The cognitive activation task used in this study had a one-block design and included 1) a pre-task baseline period and 2) a stop-signal task period (Fig. 6A). During a 30 s pre-task period, participants were instructed to alternatively tap with their right and left index fingers every 1 s as accurately as they could, using the left and right buttons on a keyboard. The task consisted of a block of 64 trials; stop-signal trials (75% of trials) and non-stop-signal trials (25% of trials) were randomly presented. Each trial started with the presentation of a fixation sign on a computer monitor, which was replaced by the primary task stimulus after 250 ms. Stop-signal delay was initially set at 250 ms and continuously adjusted with the staircase tracking procedure (range of 250–1050 ms). When inhibition was successful, the stop-signal delay increased by 50 ms; when inhibition was unsuccessful, it decreased by 50 ms. Response registration continued during stop-signal presentation. In stop-signal trials, the go stimulus was followed by a stop signal (750 Hz, 75 ms) after a variable stop-signal delay. In both no-stop-signal trials and stop-signal trials, the go stimulus remained on screen until subjects responded or the maximal reaction time (RT; 1,250 ms) had elapsed. The inter-trial interval was 2,000 ms and independent of RT. Participants were instructed to respond as quickly and accurately as possible to the go stimulus in non-stop-signal trials. In stop-signal trials, participants were instructed to try to withhold their response as required until the auditory stop signal occurred (Fig. 6B).

Figure 6

Task segments in the NIRS measurements and depiction of a trial in the stop-signal paradigm. (A) Overall task period. During the pre-task period, subjects were instructed to alternatively tap with their right and left index fingers every 1 s as accurately as they could. (B) During the stop-signal task, subjects were instructed to respond as quickly and accurately as possible to the go stimulus (‘●’, ‘■’) in no-stop-signal trials. In stop-signal trials, participants were instructed to try to withhold their response as required until the auditory stop signal occurred.

Statistical analysis

Demographic and clinical variables were compared among the study groups using the χ2 test, t-test and one-way ANOVA followed by Tukey’s post hoc test. Statistical significance was assumed at P < 0.05 (two-tailed).

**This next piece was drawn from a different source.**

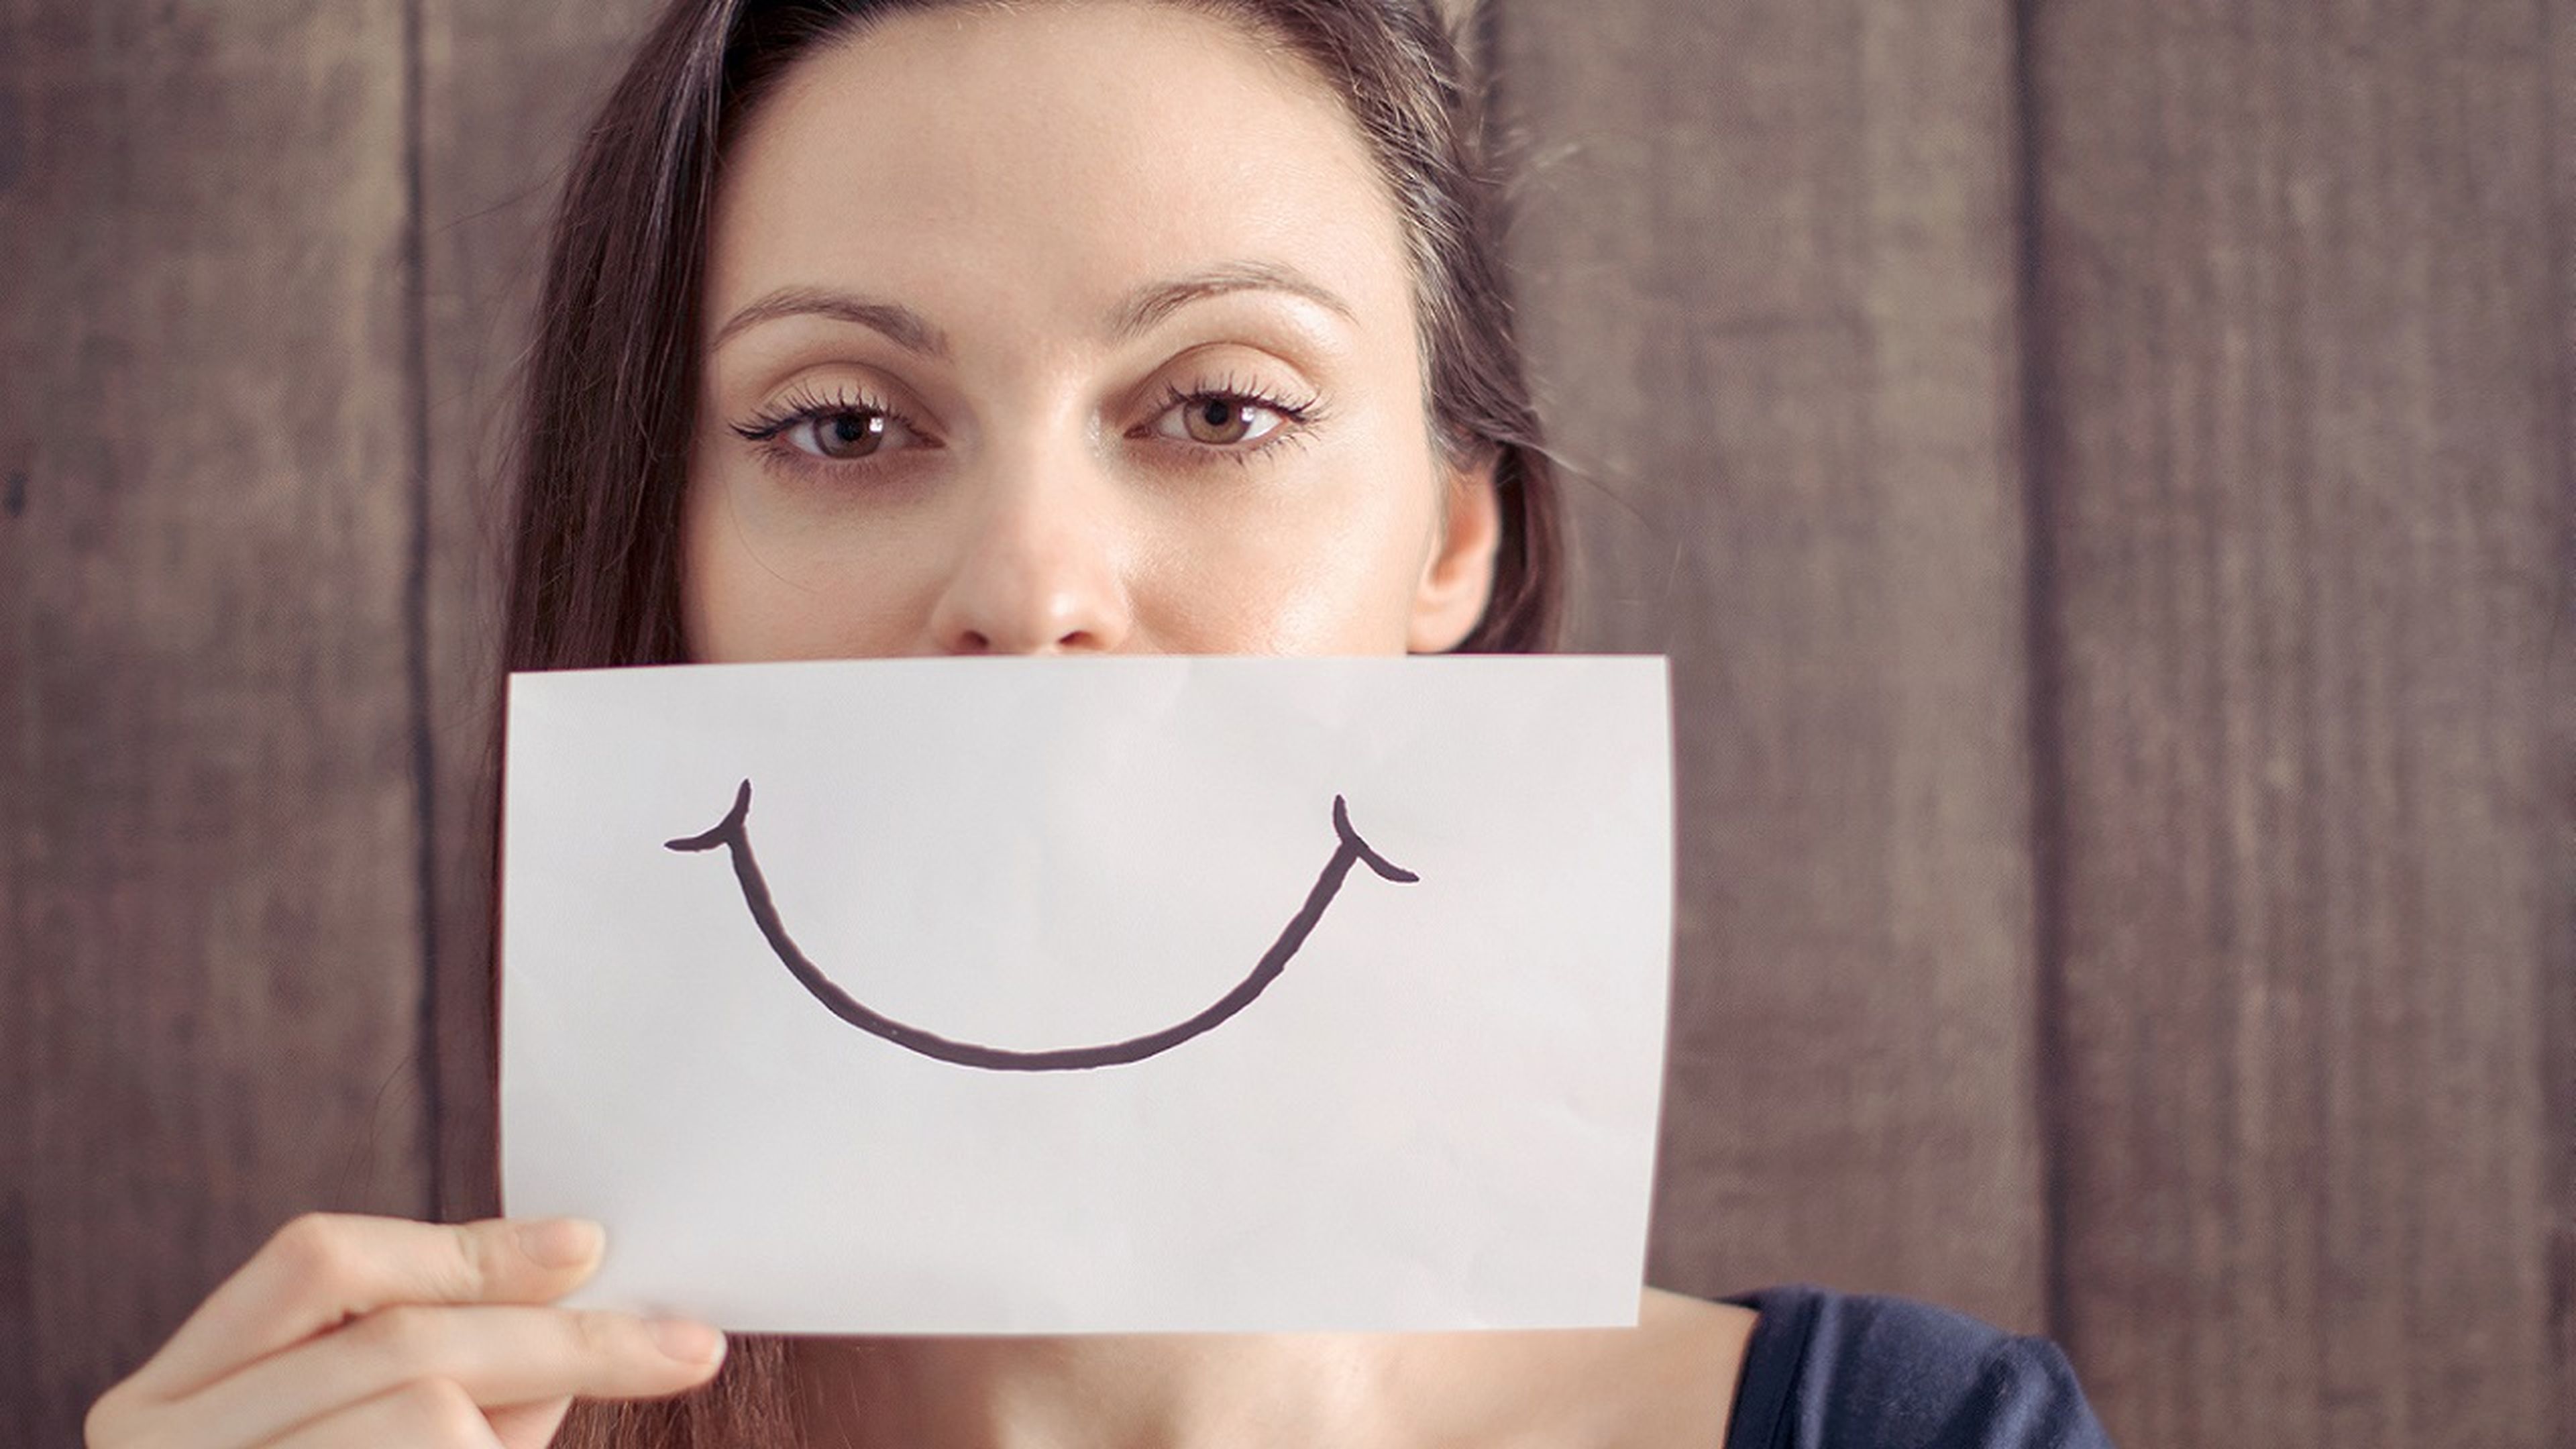 Los 5 alimentos que debes evitar para tener una sonrisa perfecta, según la OMS

To identify regional differences in frontotemporal hemodynamic activation associated with the inhibitory control task, we compared mean oxy-Hb changes during the pre-task (baseline) and task periods for every channel within individual subjects using the paired t-test. Task-related oxy-Hb changes were compared among the study groups using ANOVA followed by Tukey’s post hoc test. Because Tukey’s post hoc test focused on NIRS channels where the hemodynamic response was shown to be significant after FDR correction, no further correction for multiple comparisons was applied for the post hoc test and responses were considered significant at P < 0.05[23]. Complementary analyses were performed to identify between-group differences in activation associated with inhibitory control using ANCOVA with age, gender (dummy parameterised, male = 0, female = 1) and SSRT as covariates. Furthermore, to examine the relationships between task-related oxy-Hb changes and clinical variables, we calculated Pearson’s correlation coefficients. We set the value of q (i.e. FDR) to 0.05 such that the false-positive rate was not greater than 5% on average when processing oxy-Hb data obtained from multiple channels[60].